Creates a generator function that yields a new random synthetic word on each
call. The words are guaranteed to never repeat, and to be randomly distributed
across the total set of possible words for these traits.

After a generator is exhausted, subsequent calls return `''`.

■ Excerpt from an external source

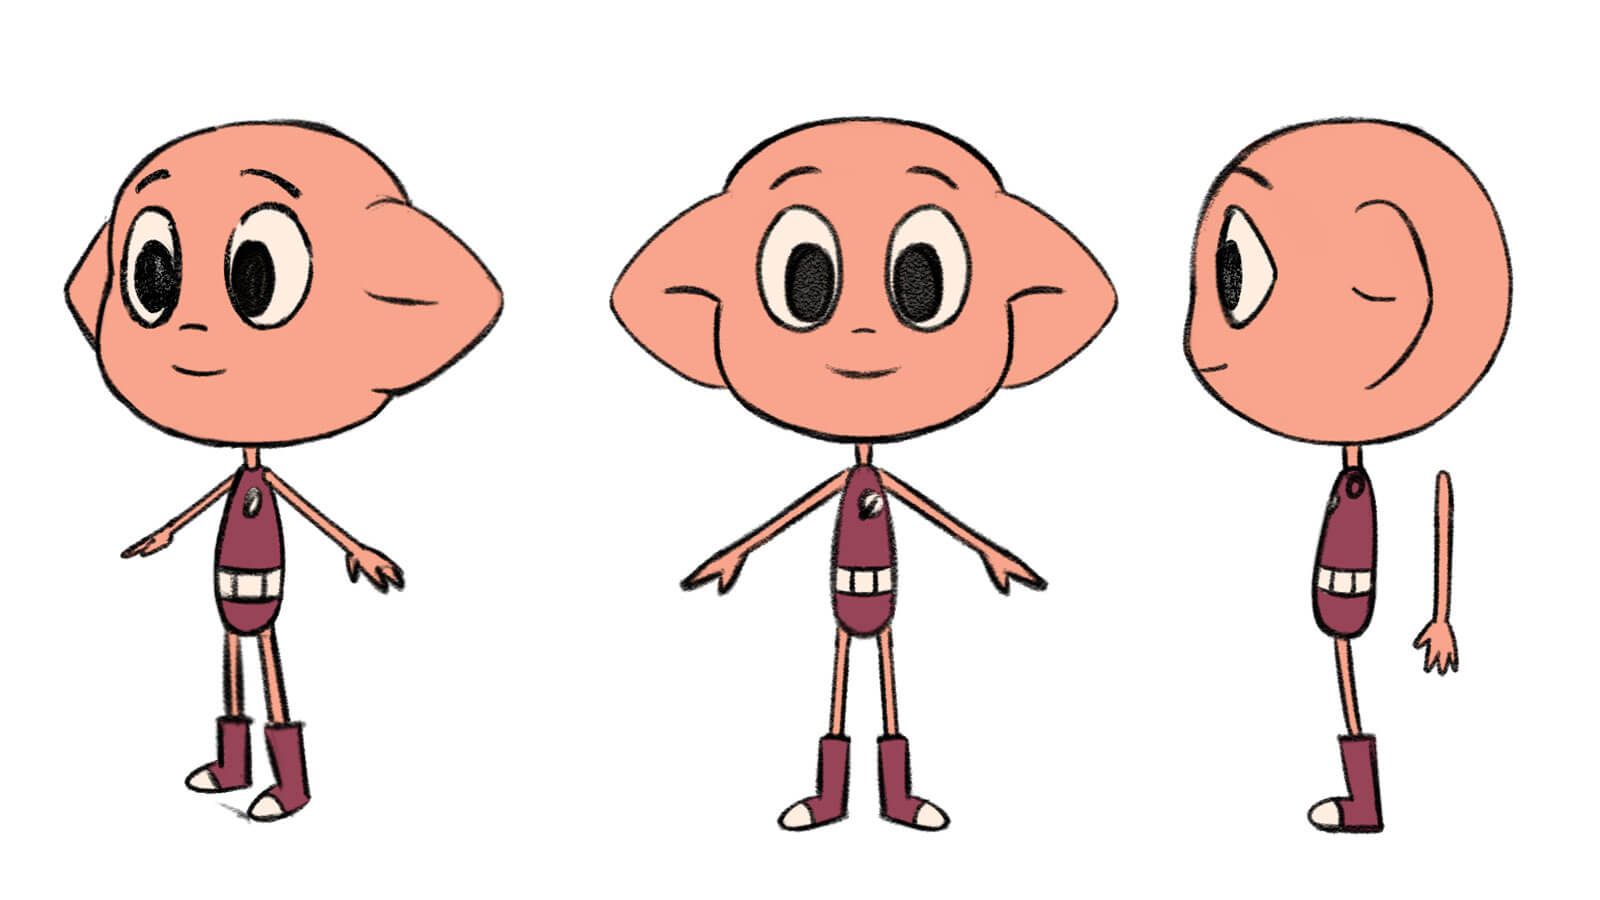 T-pose drawings of small alien from various angles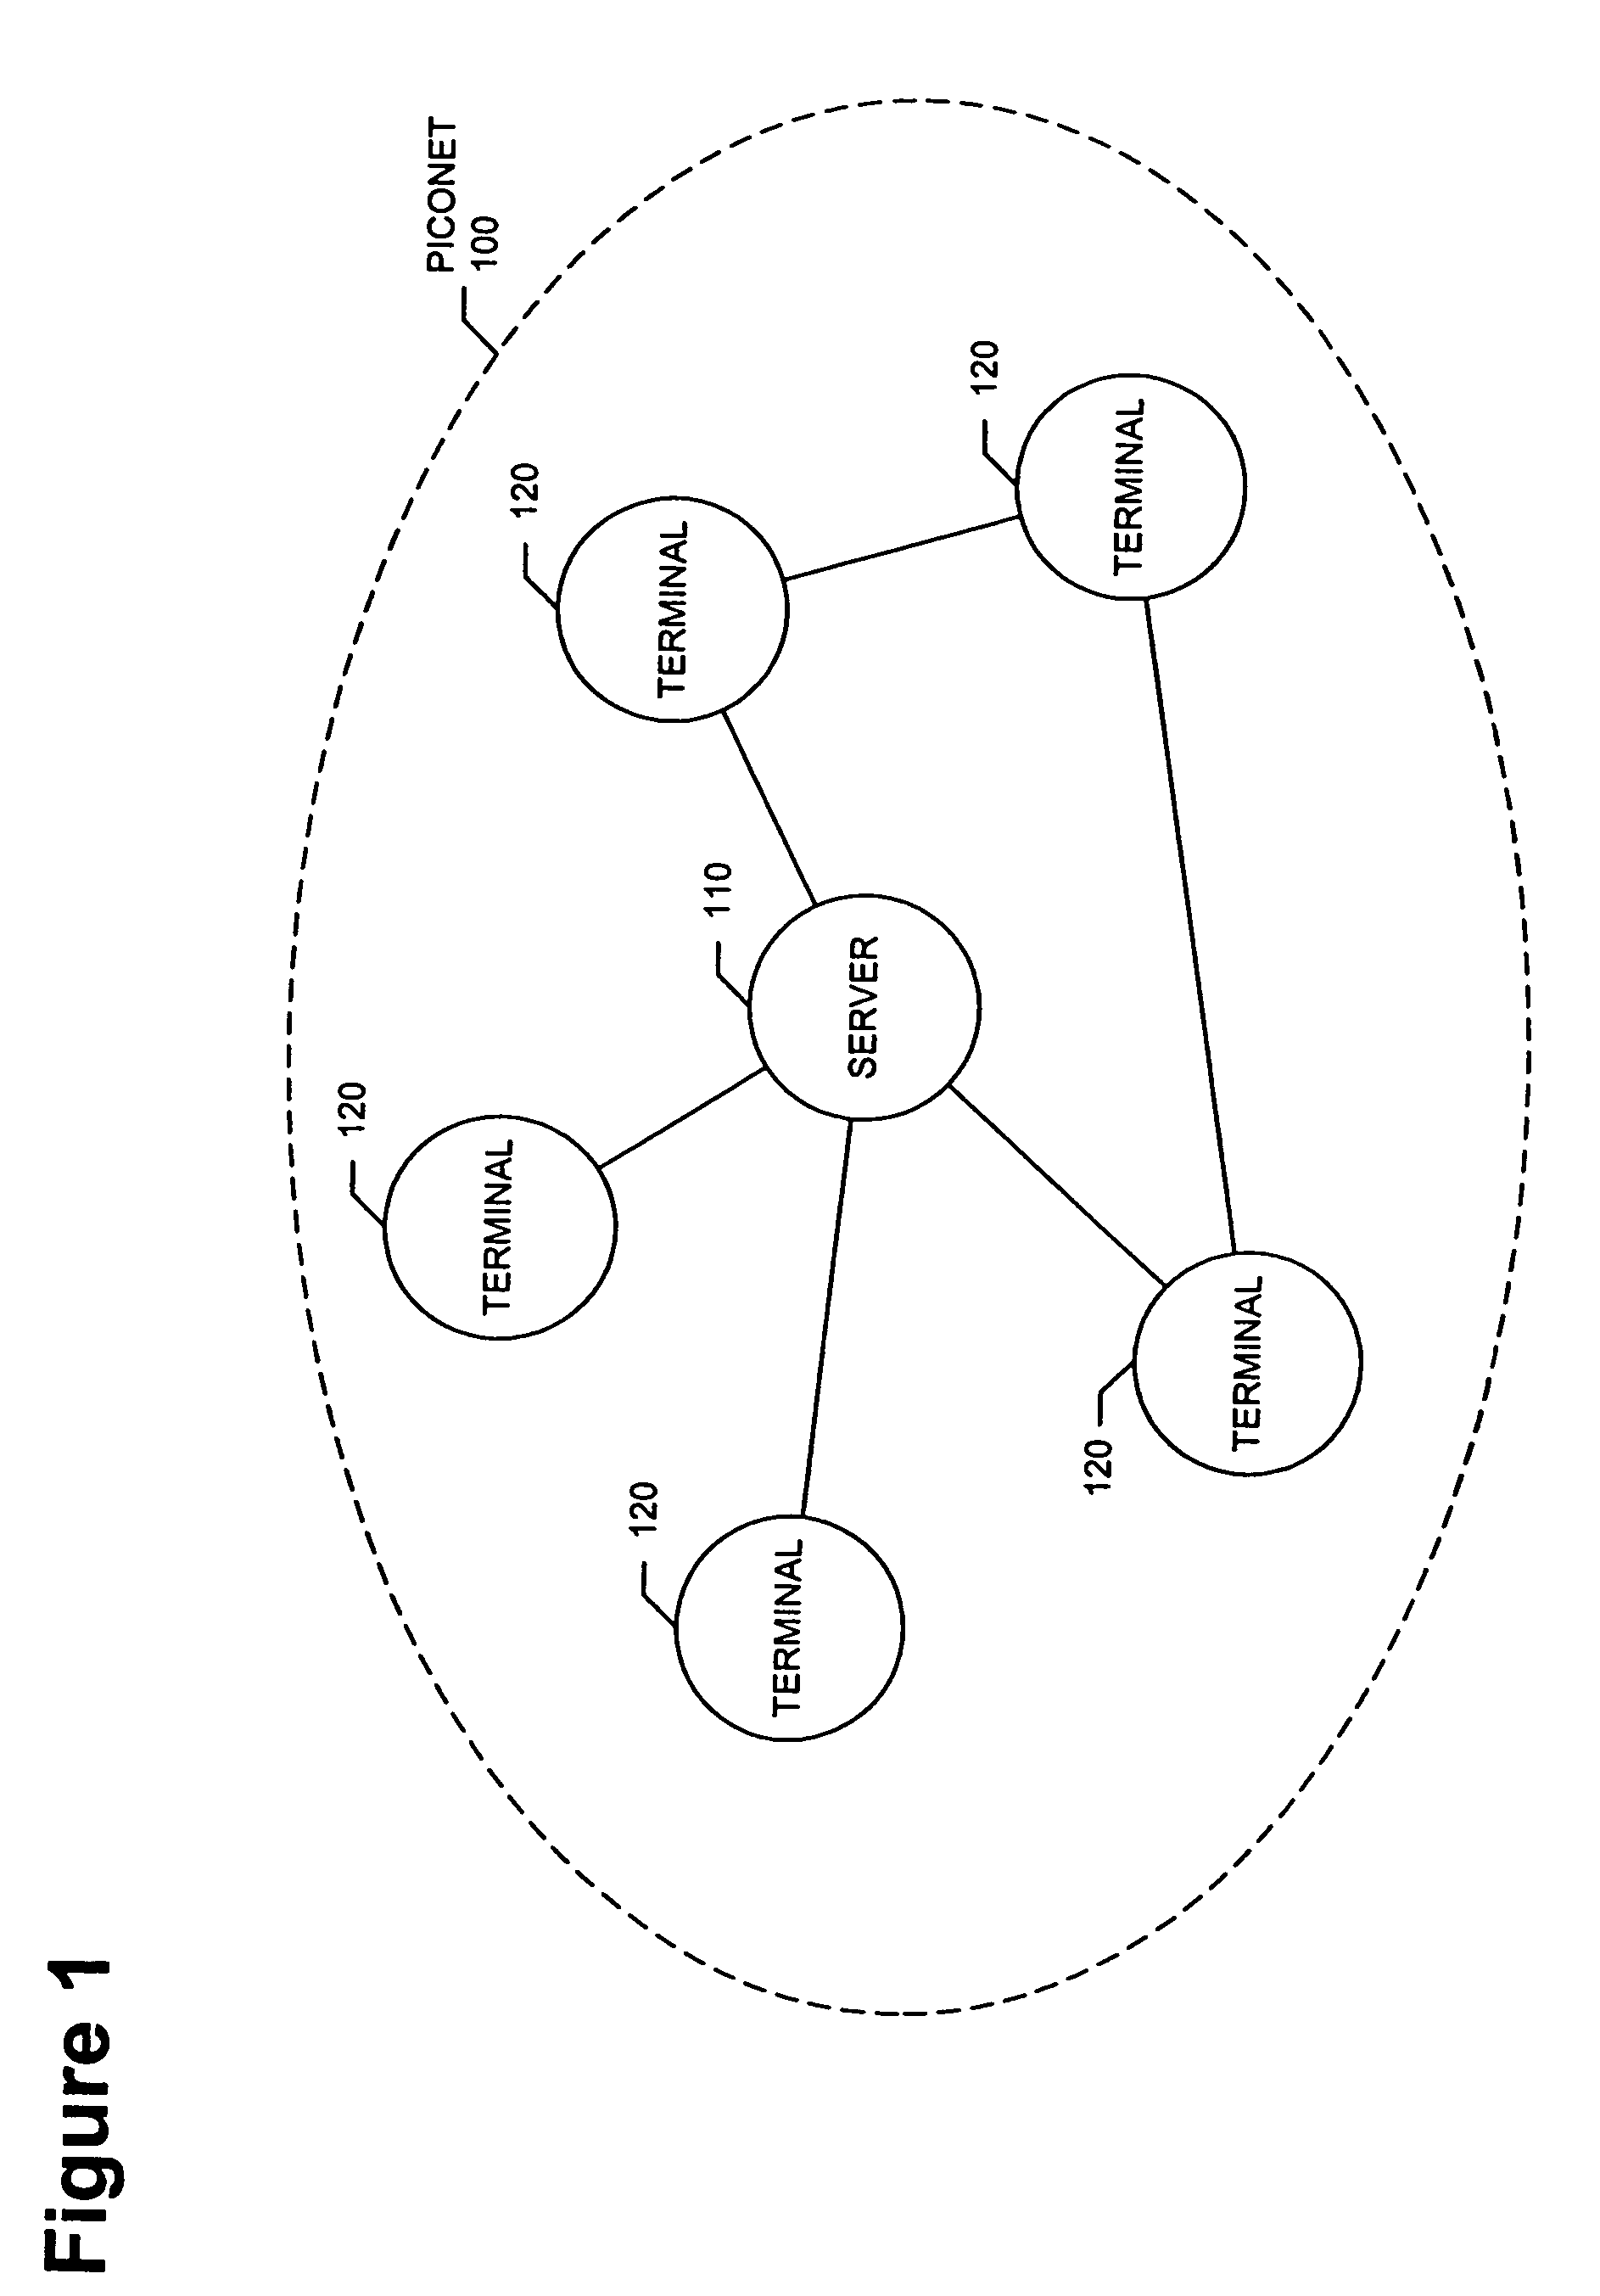 Device detection and service discovery system and method for a mobile ad hoc communications network

A traits object is stateless, and `generator()` produces a completely new
generator on each call. Generators don't affect each other.

Generators are [lazy](https://en.wikipedia.org/wiki/Lazy_evaluation) and
individual calls are very fast, making foliant suitable for web clients and
Node.js servers. See [bench/index.bench.js](bench/index.bench.js).

```javascript
var traits = new Traits(['goblin', 'smoke'])
var gen = traits.generator()

var words = [], word
while (word = gen()) words.push(word)

console.log(words.join(' '))

// oblin smobli smoke goblin gobli moblin mobli
// this generator is exhausted
```

## ToDo / WIP

* Port more tests from the Go version, particularly the randomness test.
* In a large dataset, the last few words returned by a generator are too
similar; random distribution needs improvement.
* Consider restricting repeated triples in `Traits#validComplete()`.